Он и верно — пропадал ни за грош.
Как-то Эмма повела его на концерт сестры, вернее, на концерт певца, которому сестра аккомпанировала на рояле. Слушателей собралось немного, и Борис понял, почему их мало, как только увидел певца — рыхлого, с мучнистым лицом, старого, во фраке, с напряженно поднятой коробом крахмальной грудью. Это было одно из последних его выступлений, уже скромных, рядовых, на краю где-то концертной жизни Москвы, а ведь перед ним были, наверно, и томящие сердце надежды, и малые успехи, обещавшие желанный, необходимый — большой. Как только этот человек запел, Борис утратил жалость к нему. Он не пел — он трудился, выдавливая из себя голос, упираясь нижней челюстью в морщинистую, вялую, словно тряпичную, шею. И голос у него был слабый, бескрылый. Борис «дотерпел» концерт, а на улице сам первый заговорил о том, о чем не решался прежде судить в кругу московских знакомых:
— Жалость одна — не пение. Я за него измучился. Ты бы послушала, как у нас, на деревне, поют. От всего сердца поют.

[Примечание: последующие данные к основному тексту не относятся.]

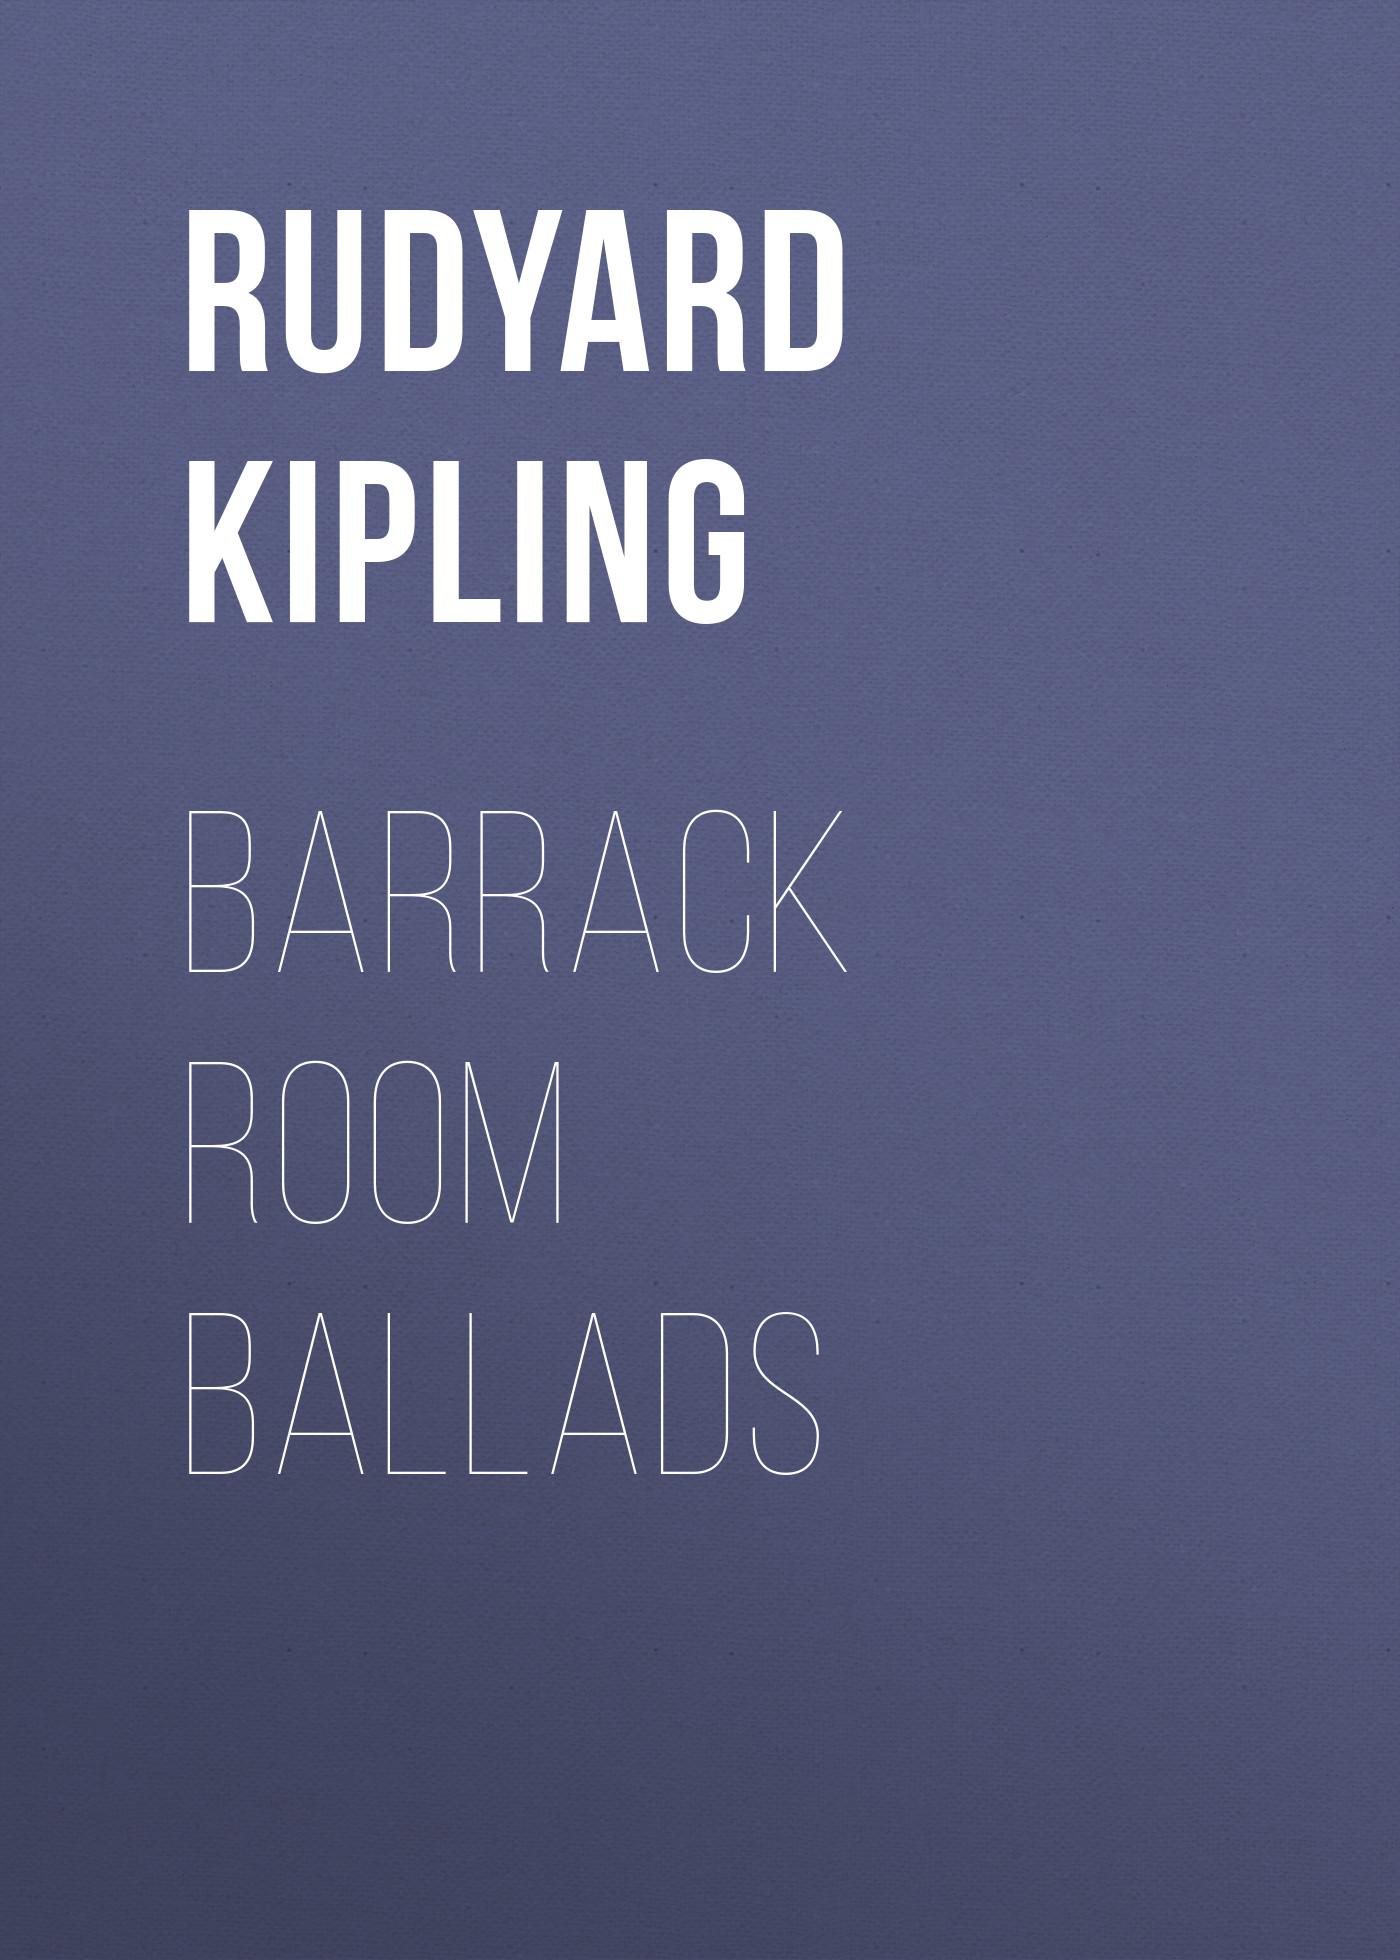 Редьярд Киплинг Barrack Room Ballads редьярд киплинг barrack room ballads

И, может быть, потому, что впервые он высказался так убежденно, тоже от всего сердца, Эмма не свела все на шутку. Глянула искоса, серьезно и — остановилась.
— Что ты знаешь о нем? О нас всех? То, что дома мы веселимся?
— У вас вся жизнь веселая, — ответил он, вспоминая сразу свое Фряньково, бедные вечера его с картами, семечками, в лучшем случае с гармошкой или книгой, и загульные праздники.
Эмма схватила сестру за руку и показала эту руку Борису.
— Вот, смотри. Мозолей на ней нет, но это еще ничего не значит.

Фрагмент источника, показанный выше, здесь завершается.